The Cloak: Failure. His Archive was ignored. The magic was a conceptual void, an absence. The Diadem (Founder Magic): Failure. His Archive bounced off. Rowena Ravenclaw's "Wisdom" magic was also conceptually immune. The Ring (The Stone): Failure. A new type of failure. When he tried to archive it, the Stone didn't ignore him; it hid. It "turned off," becoming an inert, magically dead rock.

The conclusion was inescapable. His current method, Archiving, was useless against the highest-level conceptual magic. The Founders' systems and the Deathly Hallows operated in a paradigm his power couldn't touch. He was furious.
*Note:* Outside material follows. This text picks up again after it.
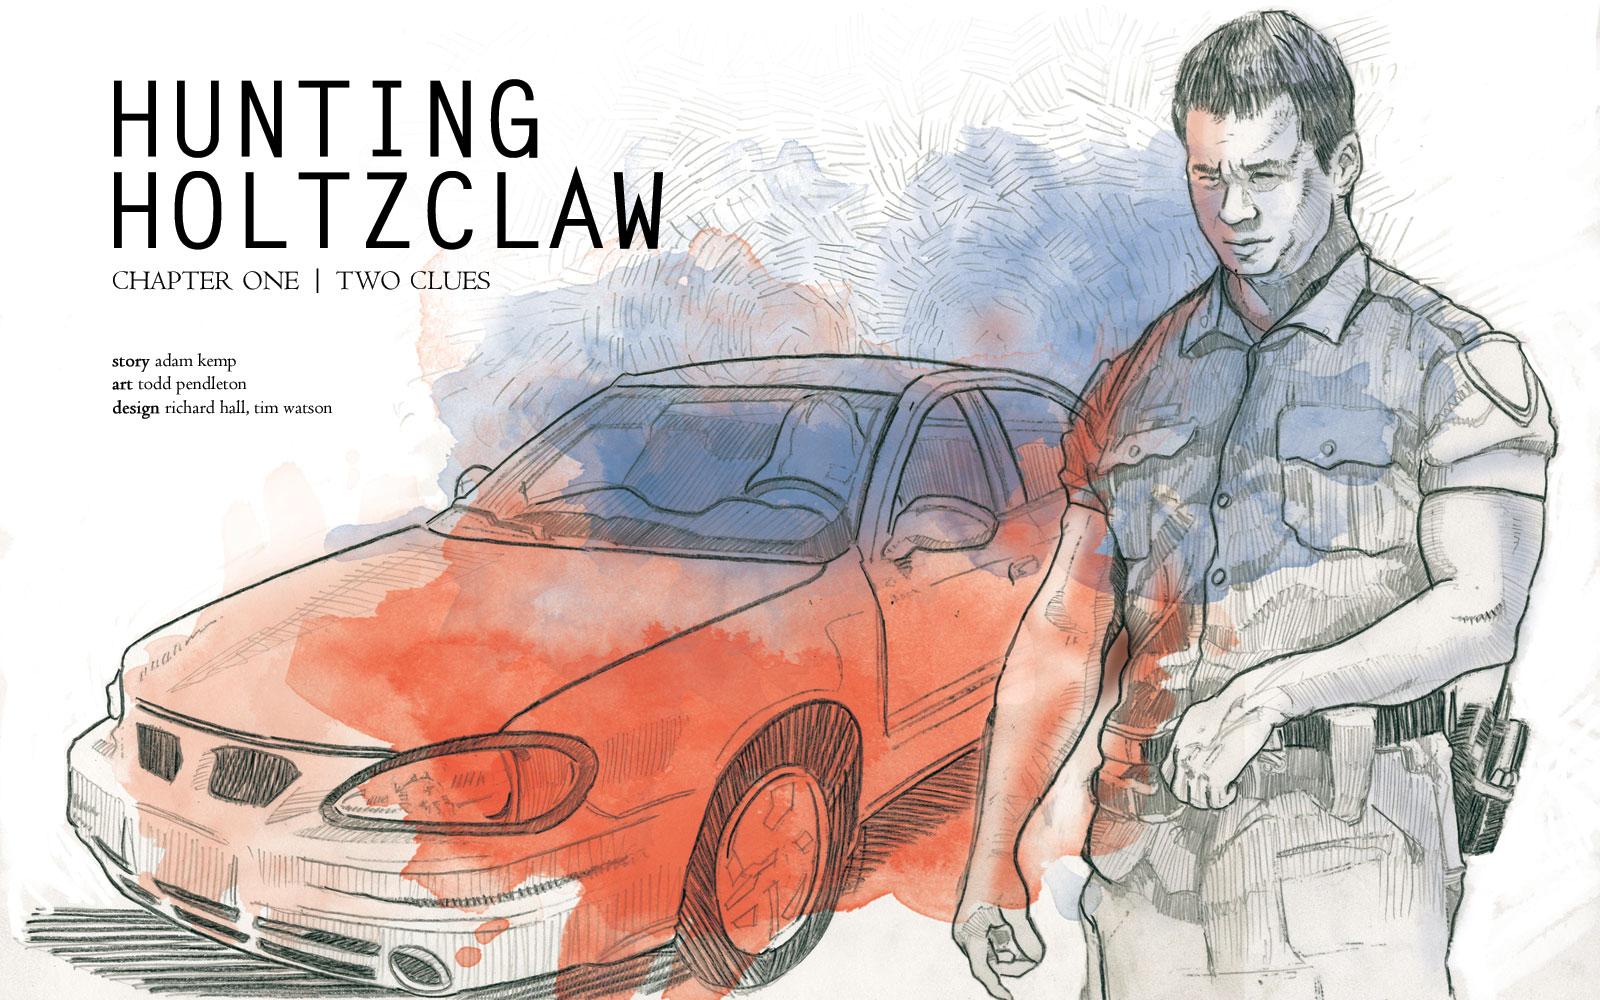 Hunting Holtzclaw

And he was delighted. The puzzle was harder and more beautiful than he had ever imagined.

He leaned back, his mind racing down new paths. If he couldn't steal the knowledge with his Archive, he would have to find another way to interact with it.

Timothy's passion had refocused. He sat in his laboratory in the Room of Requirement, the Gaunt Ring—now clean of Riddle's magic but conceptually inert—resting on his desk beside Ravenclaw's Diadem.
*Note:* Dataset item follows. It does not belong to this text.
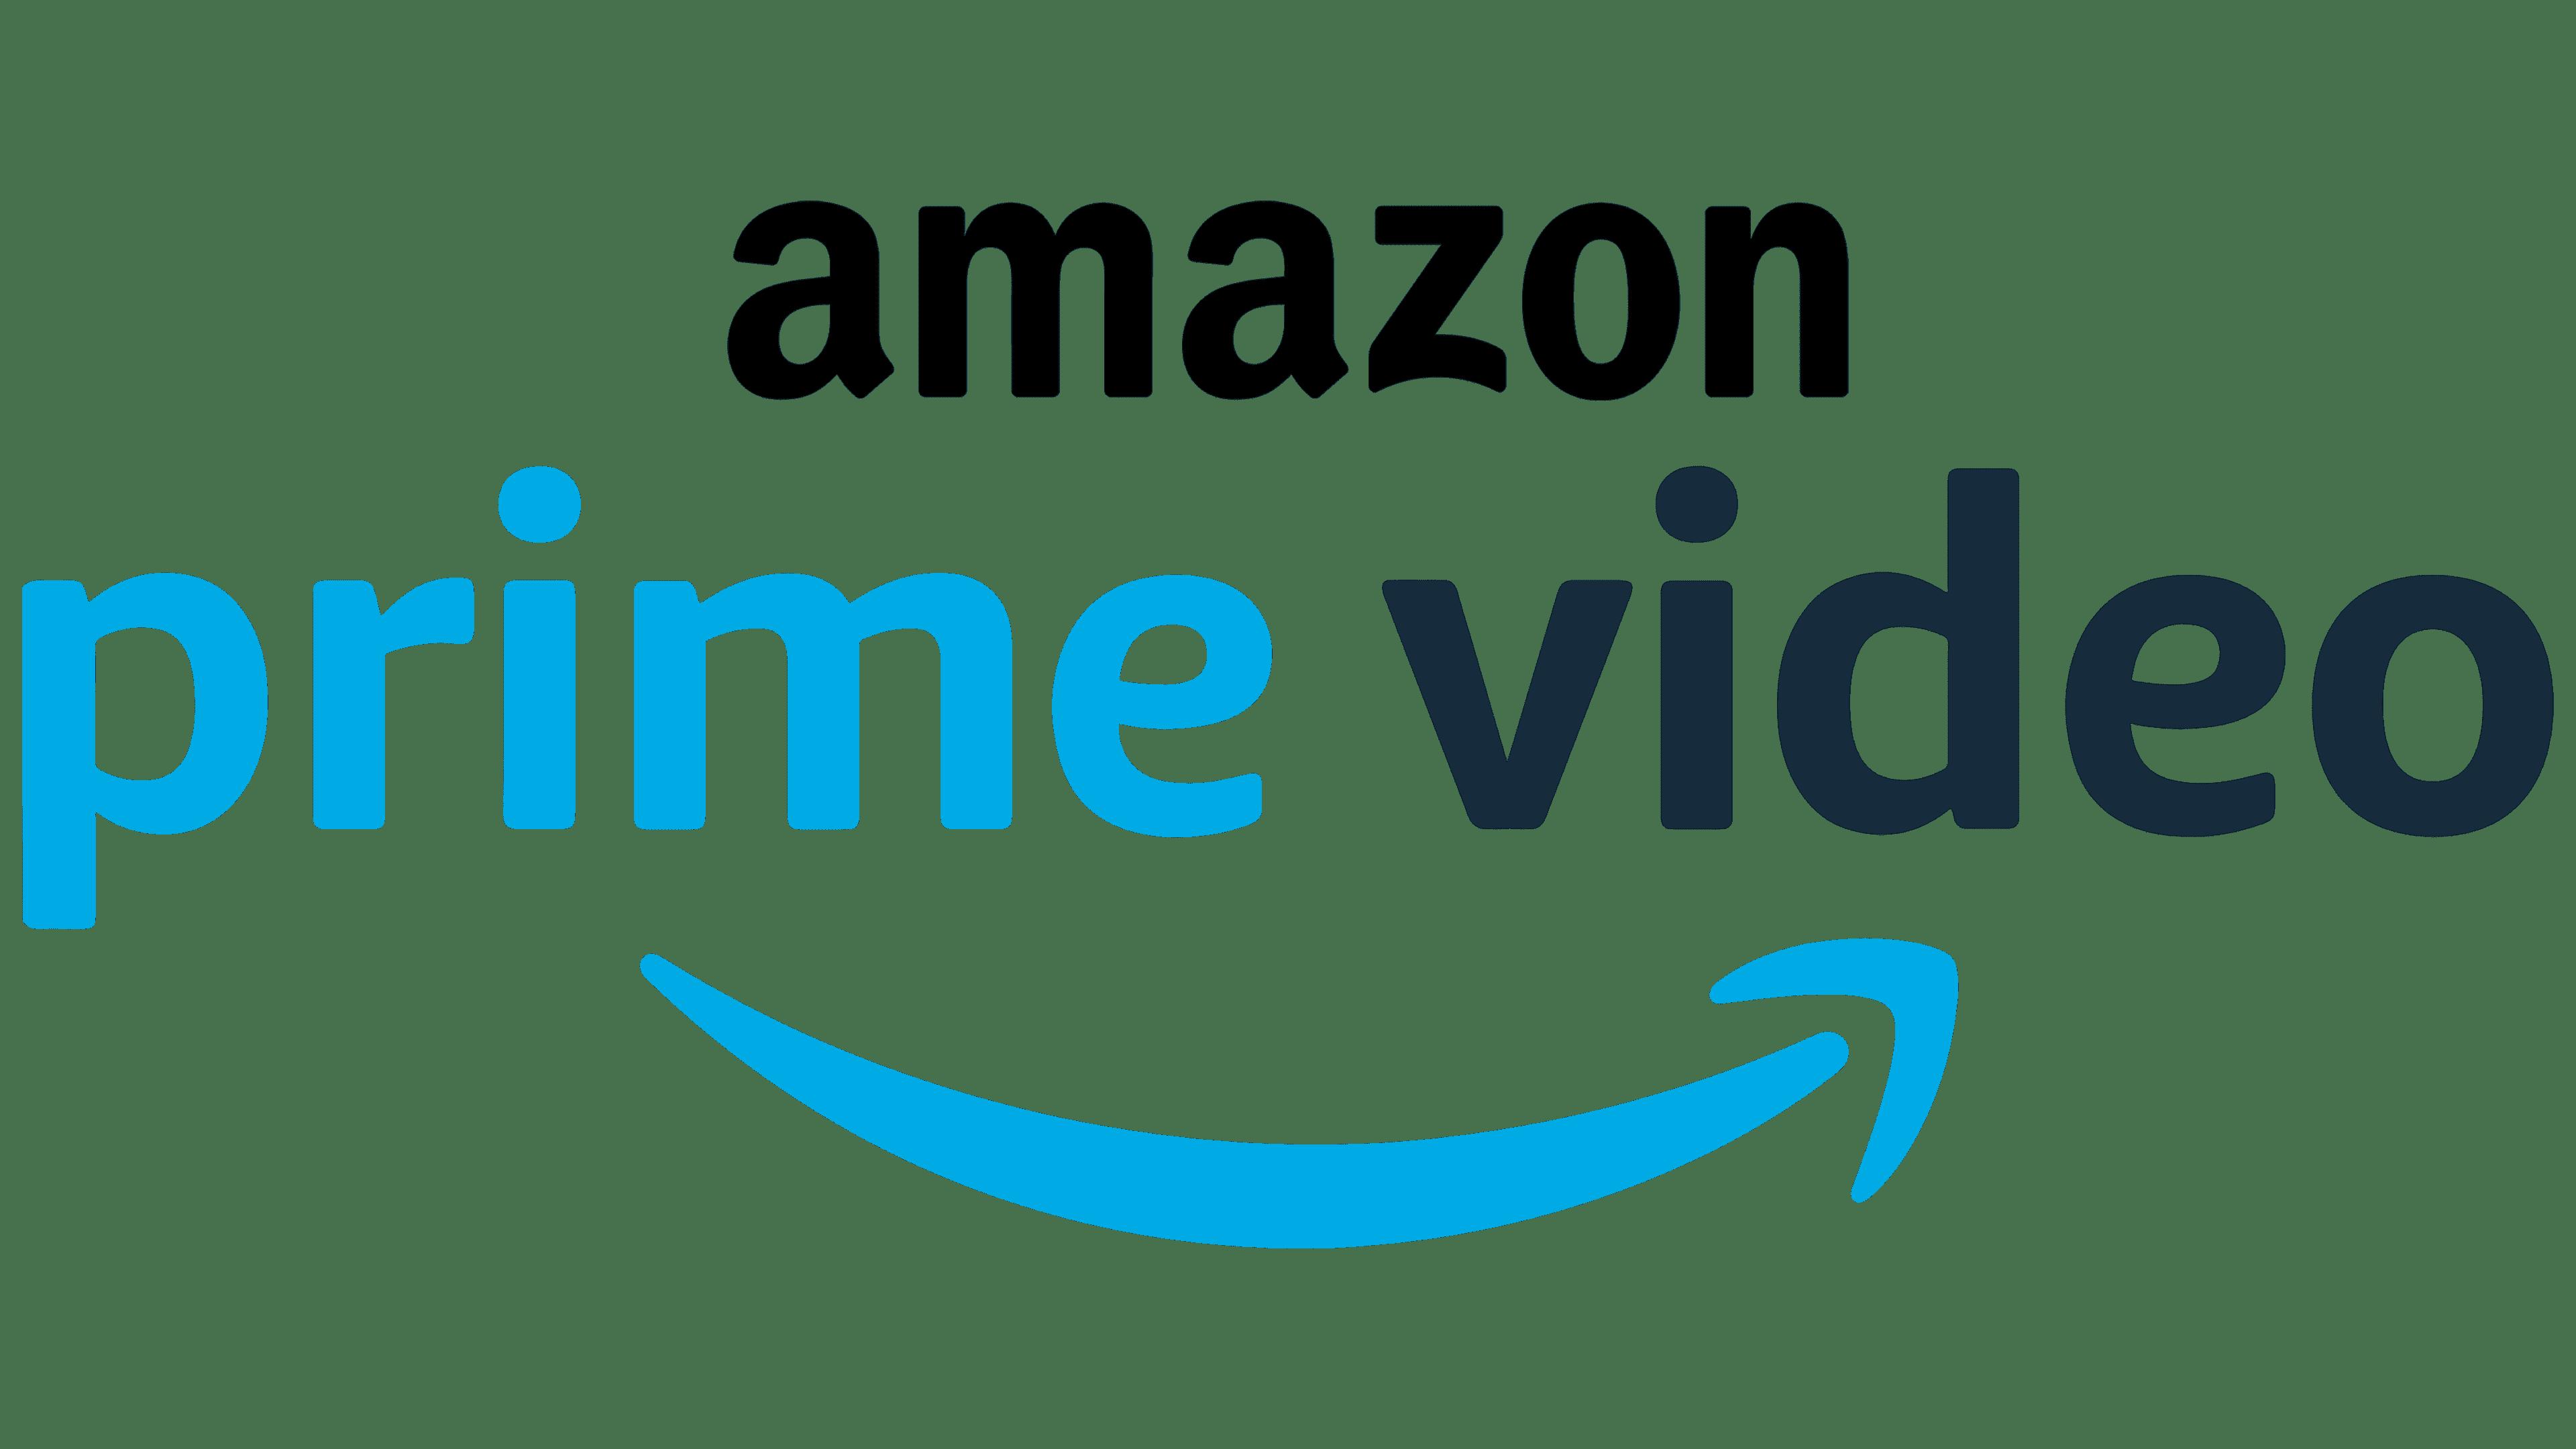 amazon prime video affiliate program

Two Hallows. Two failures. His Archive, his gift, his secret weapon against a universe he had to relearn... was blind to the most fundamental magic that existed.
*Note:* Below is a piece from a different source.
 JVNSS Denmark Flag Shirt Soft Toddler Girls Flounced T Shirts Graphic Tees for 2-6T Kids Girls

I have two of three, he thought, his mind racing through the paths of the history he remembered. But I'm missing the most powerful one. The offensive one. The Elder Wand.

An ironic smile curved his lips. Of the three, the Elder Wand was, ironically, the only one he could probably Archive. Its concept wasn't "Negation" (the Cloak) or "Resurrection" (the Stone). Its concept was "Absolute Power," a form of "Dominion." And he had already proven he could archive Dominion by consuming Riddle's Horcrux.

But there was a logistical problem.

Dumbledore has it.

He knew from canon that Dumbledore had won it in his legendary duel against Grindelwald. The Headmaster of Hogwarts, his mentor, the man who had been subtly guiding him, possessed the most powerful artifact on the planet.

And he couldn't just ask for it. He imagined the conversation. "Hello Headmaster, would you mind if I borrowed your Elder Wand, the Conceptual Anchor of Absolute Power? I promise to return it after my secret soul-copying magic finishes dissecting it." He laughed aloud in the empty room. That would be game over. Dumbledore, for all his kindness, wasn't stupid. He would suspect instantly. The trust they had built would shatter.

Steal it?

The thought crossed his mind, a quick, pragmatic shadow. He could try it. He was powerful enough to create a distraction, fast enough for a theft...

No.

He dismissed it instantly. Not out of morality, but out of respect. Dumbledore was the only person on this planet he considered a true intellectual colleague (albeit one who moved too slowly). Stealing from him would be disrespectful, an unnecessary act of aggression. It would be... ugly. And Timothy, above all, loved the elegance of magic.

No, he decided. I can't take it. I can't ask for it.

So, how would he get it?

His mind projected forward, following the canonical timeline he had archived. Harry. Malfoy. Snape. The Astronomy Tower.

Dumbledore's plan, he realized. His plan to die undefeated, so the Wand's mastery would die with him. But the plan failed. Malfoy disarmed him. Mastery passed to Malfoy, and then to Harry.

And... Snape, he thought. The murder.

A new idea, cold and patient, began to form. That was years away. But... what if he was there? What if, in the chaos of that night on the Astronomy Tower, he was the one who disarmed Dumbledore? Or if he intervened at the exact moment Snape cast the curse? Could he take possession of the Wand, even briefly? Long enough to Archive it?

It was a long-term plan. Risky. Chaotic. But it was the only one that made sense.

Patience, he told himself. A problem for the future.

He set aside the Elder Wand in his mind. It was the final piece, and he couldn't obtain it now. He turned his attention to the two failures before him. The Cloak, which he couldn't touch. And the Stone, which was a dead rock.

His obsession needed a victory. And the Stone, through "Equivalent Exchange," had just given him a possibility.